In any case, not knowing what’s coming next has always been a big part of Monster Magnet‘s appeal. Four years after their most recent new studio LP, that is still very much the case.

From the PR wire:

Monster Magnet reissues monolithic Baby 4-Way Diablo

MONSTER MAGNET to Reissue Classic Albums Monolithic Baby! and 4-Way Diablo on Limited Edition Vinyl

Physical and Digital Versions out September 16, 2022

Pre-Order HERE: https://www.napalmrecordsamerica.com/monstermagnet

Psychedelic rock icons MONSTER MAGNET are pleased to announce the reissue of two seminal albums in their vast discography on limited edition vinyl – 2004’s Monolithic Baby!and 2007’s 4-Way Diablo – both of which have been out of print and unavailable digitally for years! Pre-orders for both the digital and vinyl editions of both albums are available now, set for release on September 16, 2022.

MONSTER MAGNET mastermind Dave Wyndorf says about the reissues:

“It’s great to see these two albums back in circulation again. The MONSTER MAGNETuniverse isn’t complete without them! Monolithic Baby! is a big, glitzy (and purposefully cynical, but aren’t they all?) rock and roll record, and listening to it now reminds me of that time – the beginning of the 21st century. Even then I knew things were gonna get weird!

4 Way Diablo is a collection of songs I wrote between tours in the early 2000s but couldn’t find a place for. They piled up fast, and pretty soon, there was an album. It turns out there’s some of my favorite Magnet songs there!”

Pre-Order your MONSTER MAGNET Reissues HERE: https://www.napalmrecordsamerica.com/monstermagnet

2004 saw the release of MONSTER MAGNET’s sixth studio album Monolithic Baby!, the follow-up to 2000’s God Says No, which cemented the Red Bank, NJ rockers in the world of space rock and roll. This 14-track journey of masterful hard rock features 11 ripping originals and three cover songs recorded in true classic Magnet style, including covers of The Velvet Underground, David Gilmour and Robert Calvert.

Monolithic Baby! is being reissued on orange vinyl with white and black splatter, as well as in a limited glow in the dark vinyl variant!

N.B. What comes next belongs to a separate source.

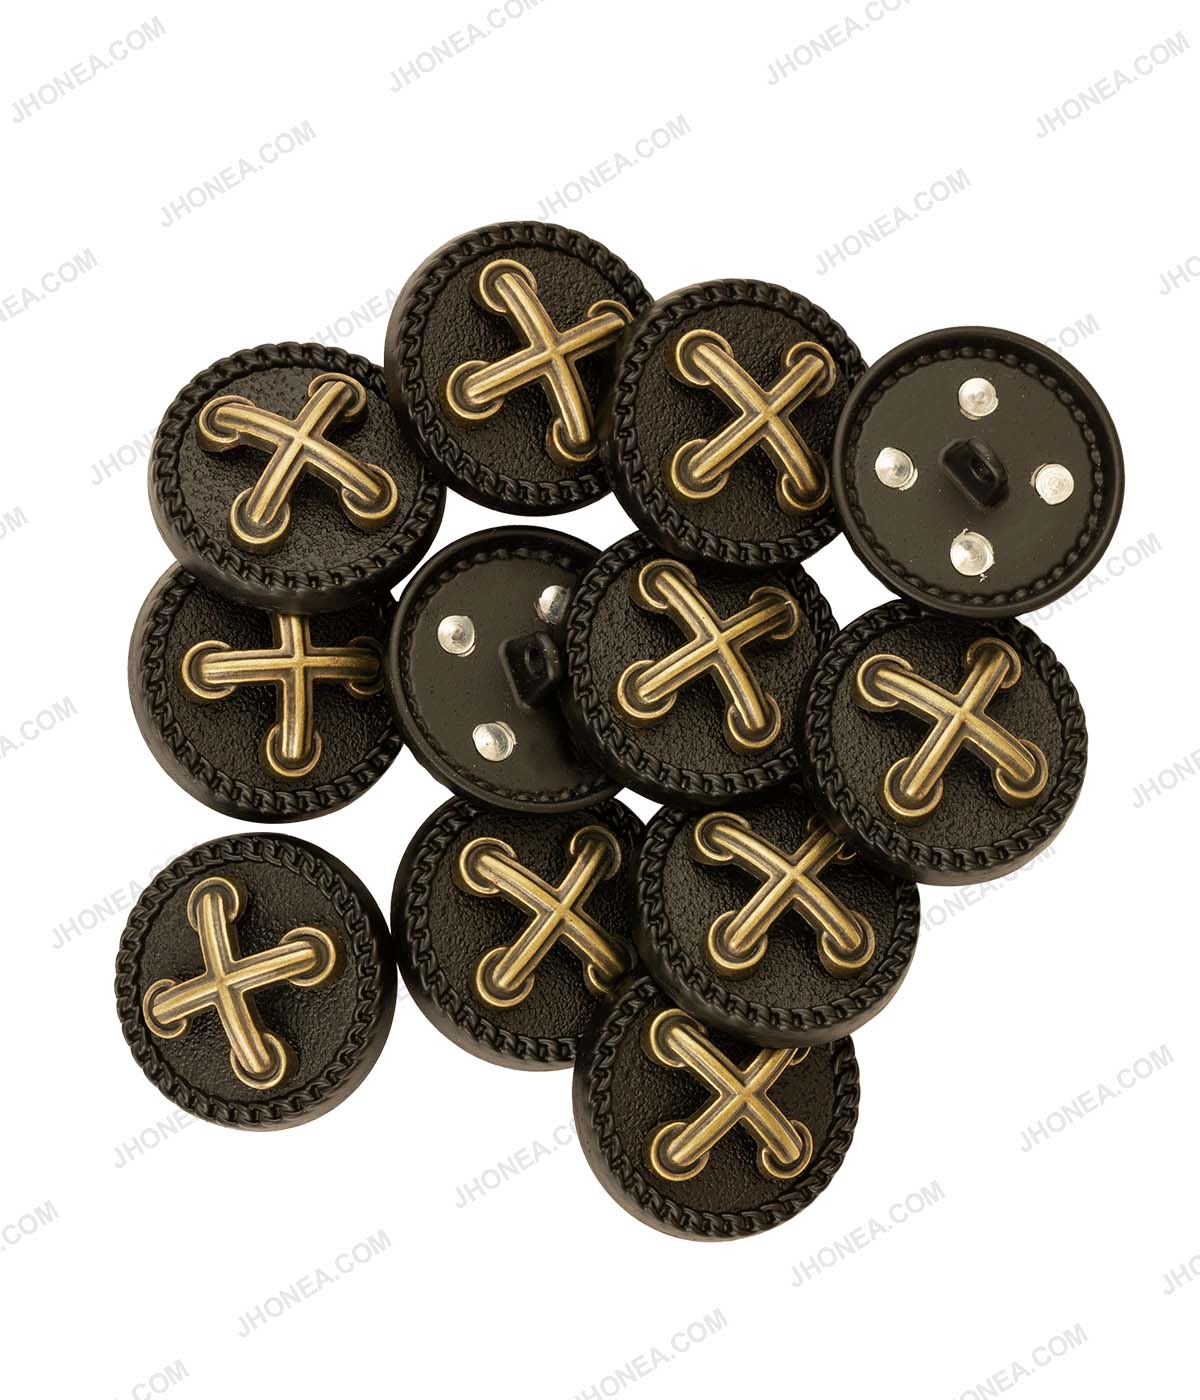 Premium Black with Antique Brass Cross Metal Shank Buttons for Coats
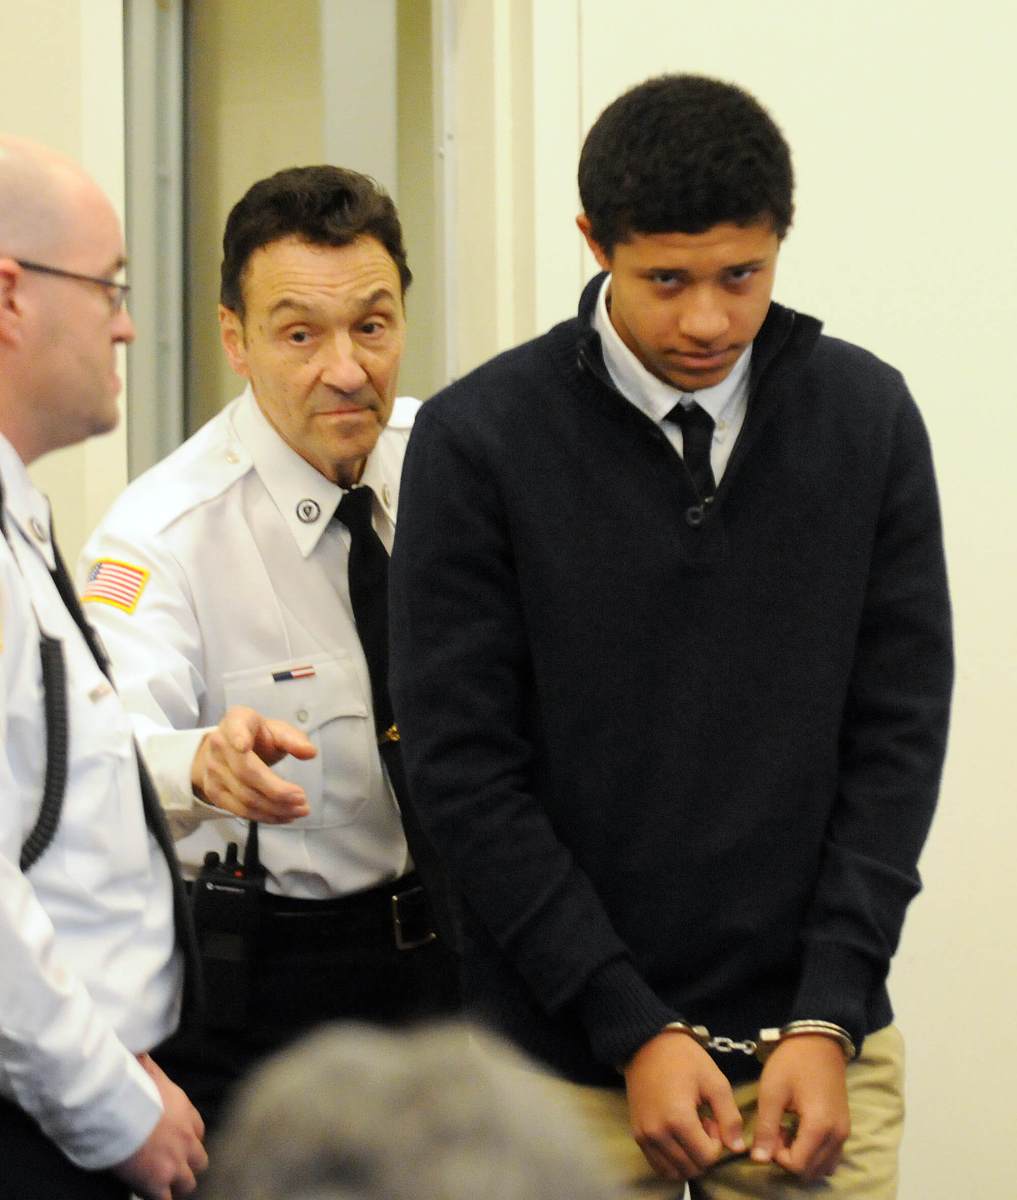 Chism trial on hold after teen melted down, claimed he was ‘ready to explode’

Monolithic Baby! Track listing
1. Slut Machine
2. Supercruel
3. On The Verge
4. Unbroken (Hotel Baby)
5. Radiation Day
6. Monolithic
7. The Right Stuff
8. There’s No Way Out Of Here
9. Master Of Light
10. Too Bad
11. Ultimate Everything
12. CNN War Theme

Recorded in four different studios (Sound City Studios, American Studios, The Sunset Lodge and Hydeaway Studios) throughout 2006-2007, 4-Way Diablo is the seventh offering from legendary riff masters MONSTER MAGNET. Featuring rippers such as “Wall of Fire,” “You’re Alive,” and a cover of an obscure Rolling Stones song “2000 Lightyears From Home,” 4-Way Diablo is a true gem in the MONSTER MAGNET catalog.

4-Way Diablo is being reissued on white vinyl with gold and black splatter, as well in a limited, special glow in the dark vinyl variant!

4-Way Diablo Track listing
1. 4-Way Diablo
2. Wall Of Fire
3. You’re Alive
4. Blow Your Mind
5. Cyclone
6. 2000 Light Years From Home
7. No Vacation
8. Thanks I’m Calling You
9. Solid Gold
10. Freeze And Pixillate
11. A Thousand Stars
12. Slap In the Face
13. Little Bag Of Gloom

Considered one of the most creative, diverse, and hard-rocking of contemporary American bands, MONSTER MAGNET is credited with pioneering “stoner rock”. They’re noted for the uniqueness of their sound, their authenticity as a band, their ability to grow musically, and the intelligence and wit of their songs – fusing garage rock, progressive rock, heavy metal, punk and psychedelia. In addition to musical influences, the band has always been inspired by comic book, science fiction, horror movies, and B-movies by filmmakers such as Roger Gorman and Russ Myer.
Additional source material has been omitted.